The "Near shadings" dialog is the Dashboard for near shadings treatment.

Shadings_Dialog

You have to begin with the button "Construction/Perspective", which opens the 3D editor for building the global scene.

When exiting this tool with a valid 3D shading scene, the program will check the compatibility of your construction with elements previously defined for your system:

-  The orientation of your 3D fields should match the one defined on the "Orientation" part. If it is not the case the program will ask whether you want to update the "Orientation" definitions.

-  You should have defined sufficient and reasonable 3D area for putting the modules defined in the "System" part.

Therefore this implies that you have already defined (roughly) the main parameters of the system. This will be the case if you follow the advice of building your whole PV system "step by step", beginning with the most simple configuration without any complications, saving this version and adding complexities one after the other.

Table of shading factors

Once this scene has been well established, the "Table" button allows you to construct the shading factor table, which computes the Shading factor for a grid of sun (space) directions.

This process also calculates the diffuse and albedo attenuation factors, constant over the year.

After that you will be able to see the Iso-shading diagram and run the simulation.

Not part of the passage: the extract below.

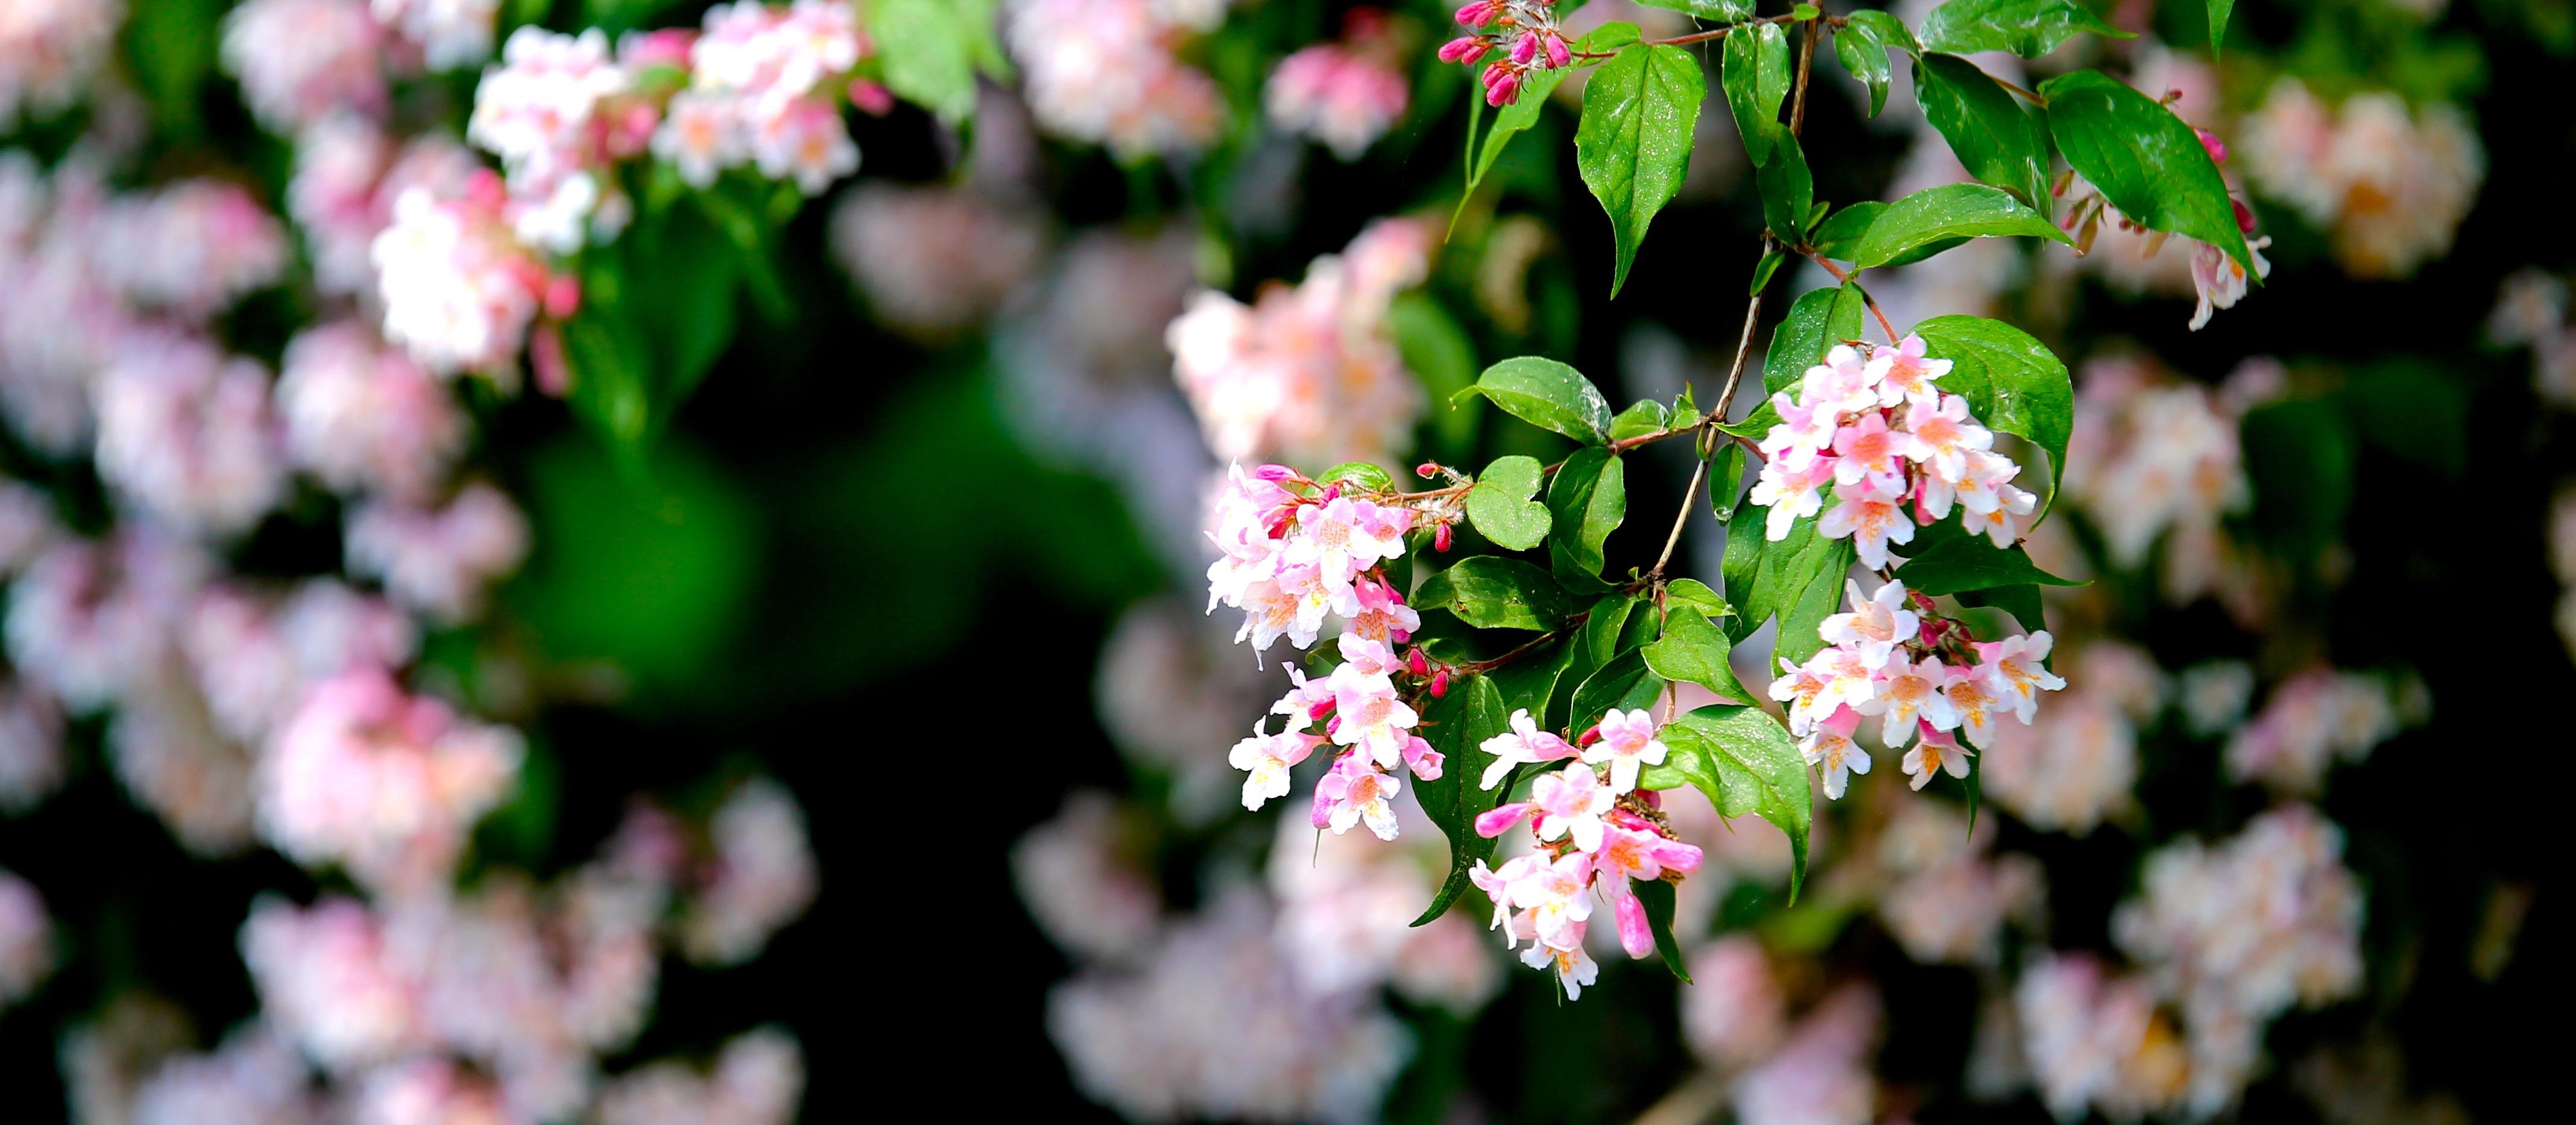 flower-flowers-nature-macro-83129.jpeg (4272×1865)

If you have defined a partition in module strings during your 3D construction, two tables will be calculated simultaneously: one for the conventional "irradiance" or "linear" shading factor, and one for the shading factor according to the module strings.

Use in simulation

Now you have to specify how you want to take the shadings into account during the simulation. You have several choices depending on your progress in the system's study, the size of your system, etc.

- Linear (irradiance) shadings will only take the deficit of irradiance on the PV field into account, without electrical effect. This represents a lower limit of the full shading losses.

You can compute this simulation either in a fast way (interpolating in the shading factor table at each step), or in a slower way by computing the full shading factor at each simulation step.

- According to module strings: during the construction of the 3D scene, you can define a partition in module strings. This option will calculate a shading factor  "According to strings", representing a higher limit for electrical effects.

For a final result you can specify the Fraction for electrical effect, which is a cursor between pure "linear" calculation (lower limit 0%) and full electrical effect (higher limit 100%).

- Detailed, according to Module Layout: Finally, after specifying a detailed "Module layout" configuration, you can ask to compute the shadings according to detailed electrical losses.

Model Library

The shading scene parameters are stored with your "calculation version", and don't give rise to any additional files.

However, you can store your 3D shading scene in a *.SHD file, which may be reused in another project.